“No entiendo cómo los otros jueces ignoraron las pruebas. El mayor dijo: ‘Es culpable’. Eso bastó. Me ordenó es­cribir la sentencia. Durante una semana es­tuve hecho un lío. Redacté 300 páginas y le condenamos a muerte. En un anexo añadí que no estaba de acuerdo, pero me obliga­ ron a callar”, recuerda Norimichi Kumamo­to, ex magistrado japonés. El crimen juzgado, el asesinato de cuatro personas de una mis­ma familia en 1966 en Shimizu (Japón). El acusado, Iwao Hakamada, un ex boxeador profesional que lleva proclamando su ino­cencia desde entonces. Su destino, la horca. Los magistrados, tres: dos a favor y uno en contra, el más joven, Kumamoto. La prueba de peso, la confesión firmada por Hakamada tras 23 días de interrogatorio: 277 horas fren­te a 37 minutos de consejos para su defensa.

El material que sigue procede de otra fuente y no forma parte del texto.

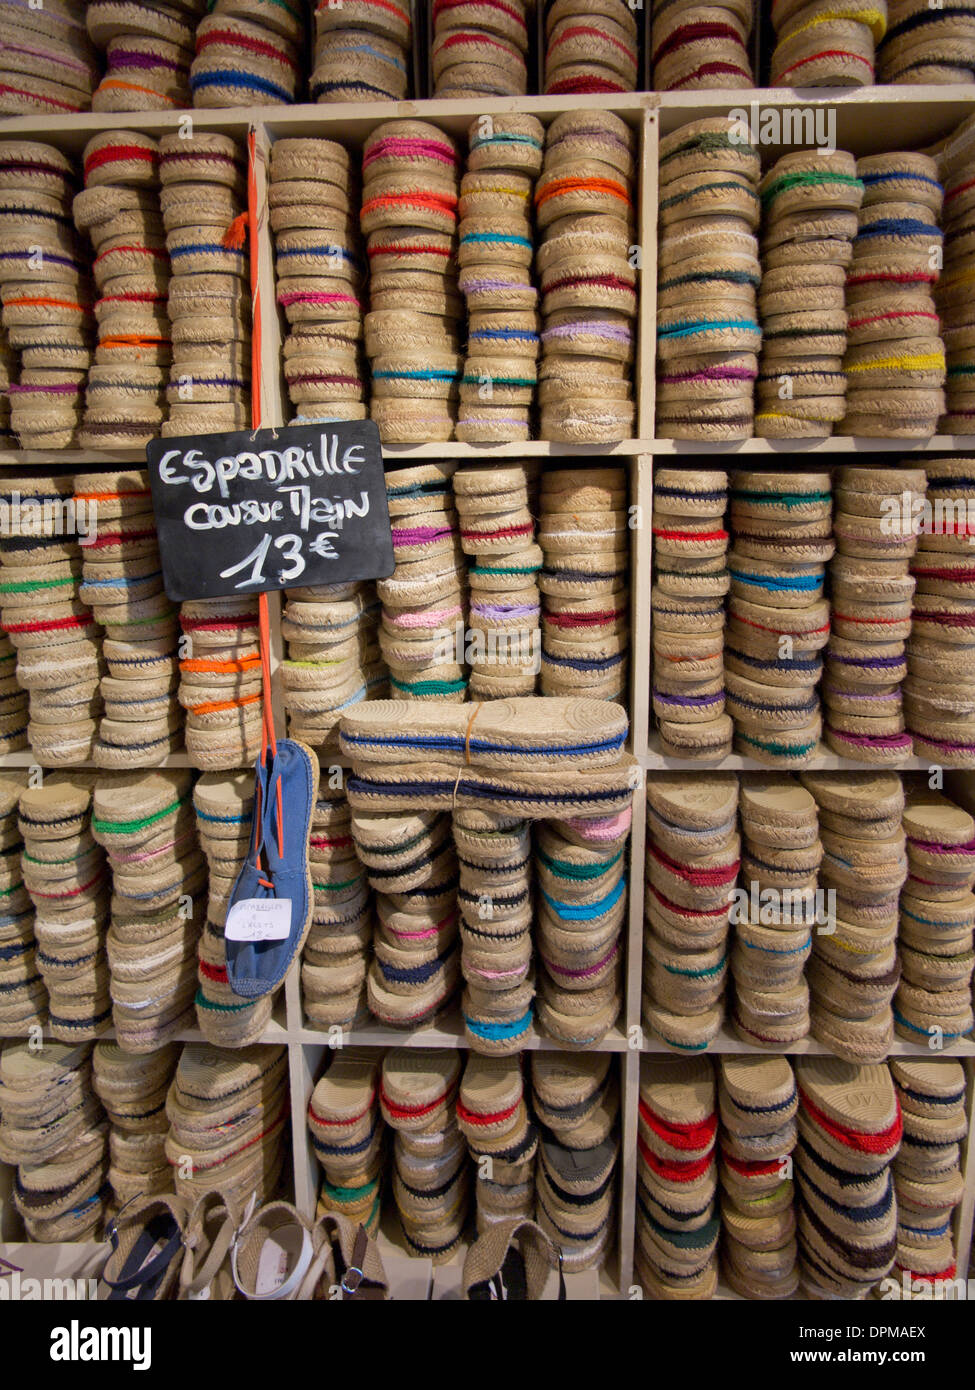 Espadrilles for sale inside a shop in St Jean de Luz, Pays Basque (Basque  Country), south west France Stock Photo - Alamy

Iwao Hakamada, de 74 años, es hoy el preso que más tiempo lleva condenado a muerte en todo el mundo, más de 42 años, según Amnistía Internacional. Japón es la otra gran democracia industrializada donde todavía se aplica la pena capital, además de EE UU. Pero, a diferencia de allí, en el país asiático impera el secretismo. Encarcelados en solitario, sin comunicación con otros re­clusos, en una celda del tamaño de tres tatamis (menos de cinco metros cuadrados) de la que no salen más de 45 minutos diarios, cada amanecer es una tortura psicológica. Porque la mayor particularidad de la pena de muerte en Japón es que los presos desco­nocen cuándo serán ejecutados. Se les avisa con una hora de antelación, por la mañana, el mismo día del ahorcamiento, el único método utilizado desde 1873. No hay des­pedidas ni última cena. Solo un breve stop frente a un altar budista. Familiares directos y abogados, los únicos que pueden visitar al reo durante su condena, son informados a posteriori de la ejecución. Se trata de “evitar que el preso se perturbe”, defienden en el Ministerio de Justicia, aunque irónicamente consigan lo contrario, un estrés aterrador.